In contrast to films with such a prominent Jewish context, there was Stefan Glidden's delightfully comic "La Voiture et le Velo" and "Ten Souls Rising," which was a Manhattan take on Sartre's "No Exit" and set in an elevator. The film was directed by Emily Rosdeitcher, a 2004 Tisch alumna, and took the second-place prize. The grand prize winner Julia Kots' "Naturalized" tells the story of a young Russian man who wants to become a full-fledged Jew through a medical procedure not available to him in the Soviet Union. (You can connect the dots on that.)

The festival centerpiece came through deleted scenes as part of a special presentation from Adam Hootnick, director of "Unsettled," fresh off his Slamdance win for Best Feature Documentary. The documentary, which premieres this April at the Tribeca Film Festival, follows six individuals in very different situations and with different viewpoints as they are all forced to confront the disengagement of the Gaza strip of August 2005.

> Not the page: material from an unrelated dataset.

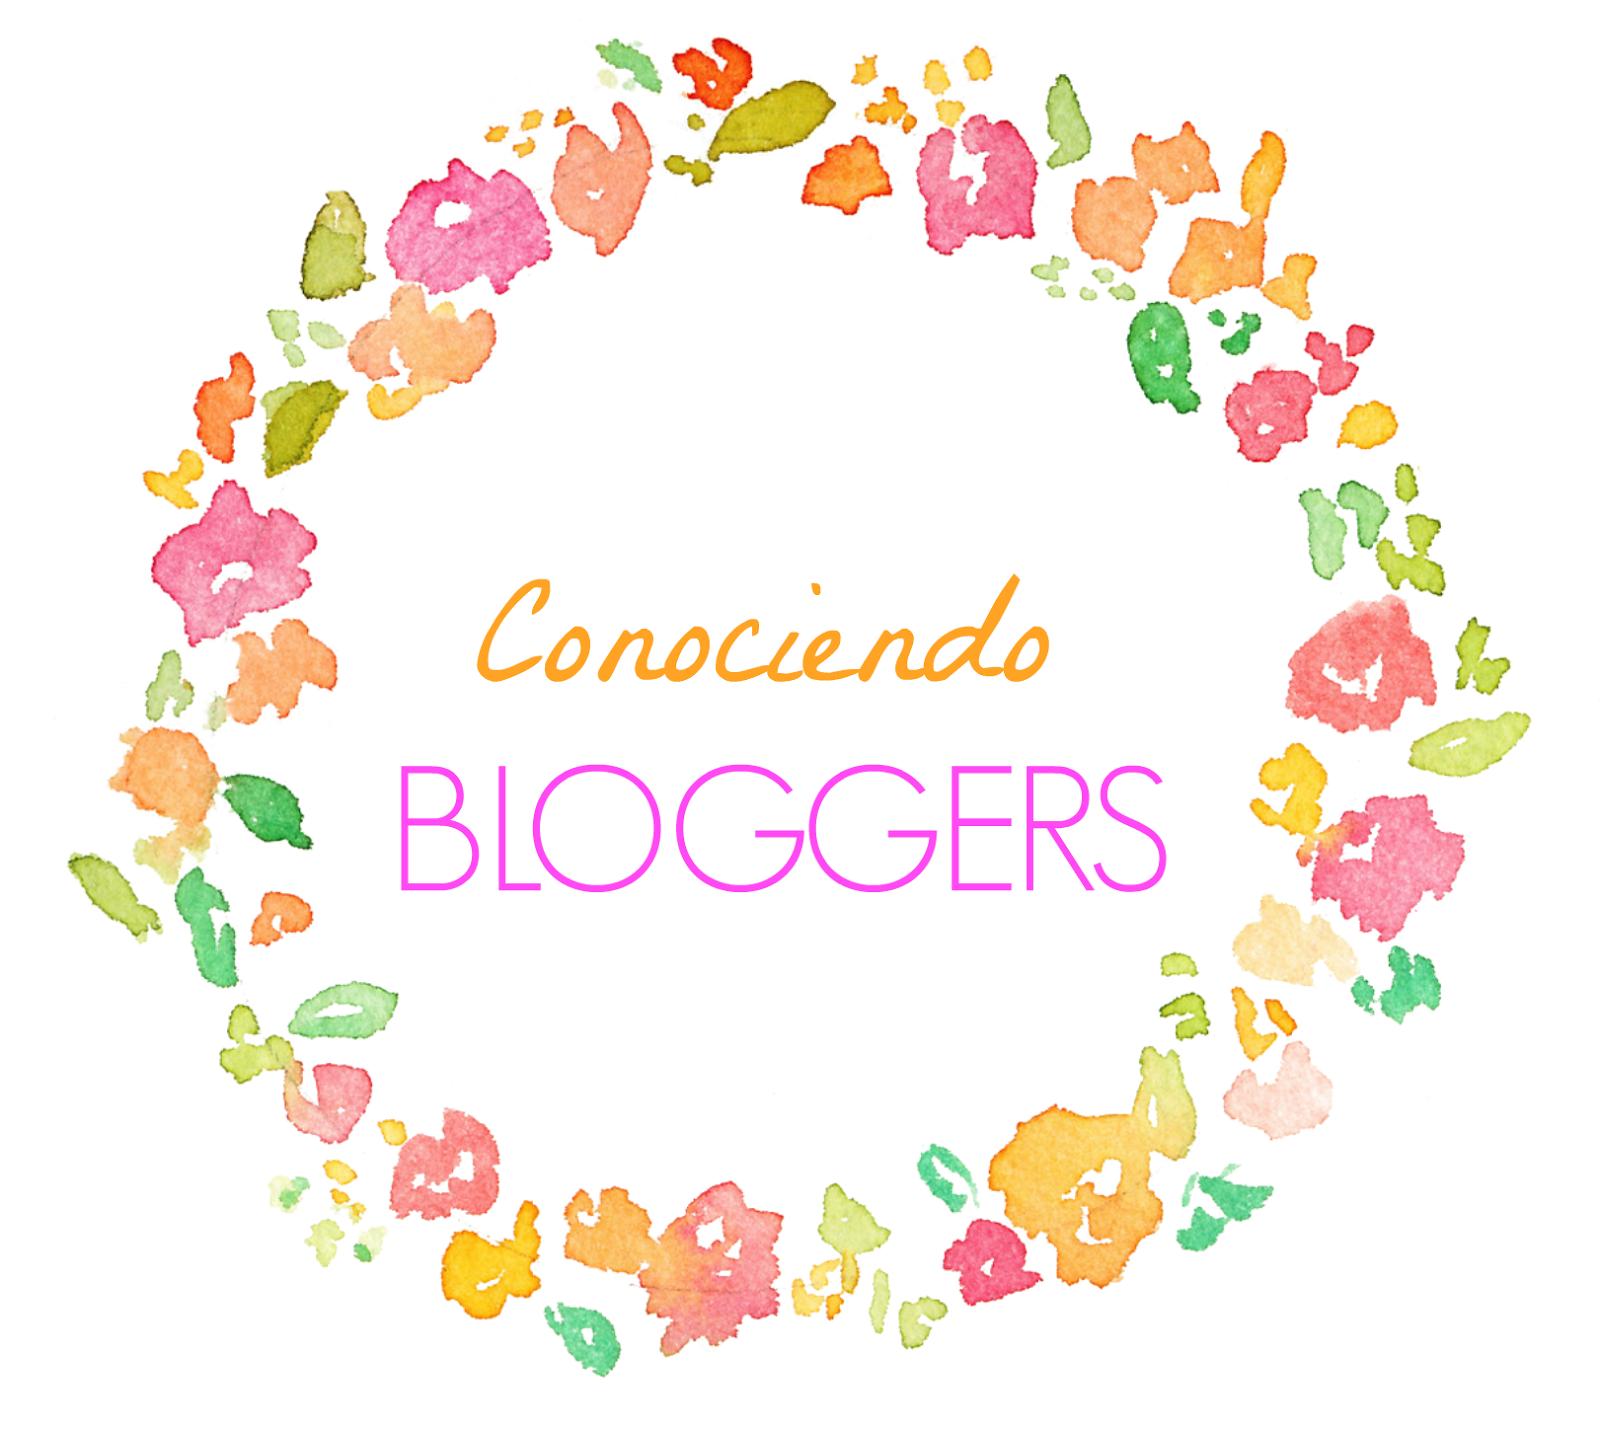 Conociendo Bloggers

One of the selections Hootnick considered "the hardest part of the editing process to leave out" was when Israeli Defense Force soldiers came into a house where three men are currently staying. They tearfully relate the story of the previous owner who was killed in terrorist attack. As the IDF soldiers became engrossed in the stories of the three young men, their own personal struggle was imprinted on their faces as they were made to evict their own people from their homes. When the lights went up, the toll of the emotional scene could be felt throughout the room.

Hootnick remains a symbol for idealism through both his film and his character, having been able to make this film with a crew of only himself and his second camera operator. He is able to relinquish politics and religion and focus on the people who are affected by the conflict. Hootnick spoke a great deal about the importance of being there, and experiencing the disengagement first-hand. "As soon as you're there with the camera, you're part of it," he said.

The festival continues to expose audiences to films of this caliber, and to provide young emerging artists with a home as well as a place to flourish as filmmakers. "It is the only film festival of its kind on a college campus," Miller said. It is an event that not only to brings the community together, but "gives the filmmakers a chance to be heard."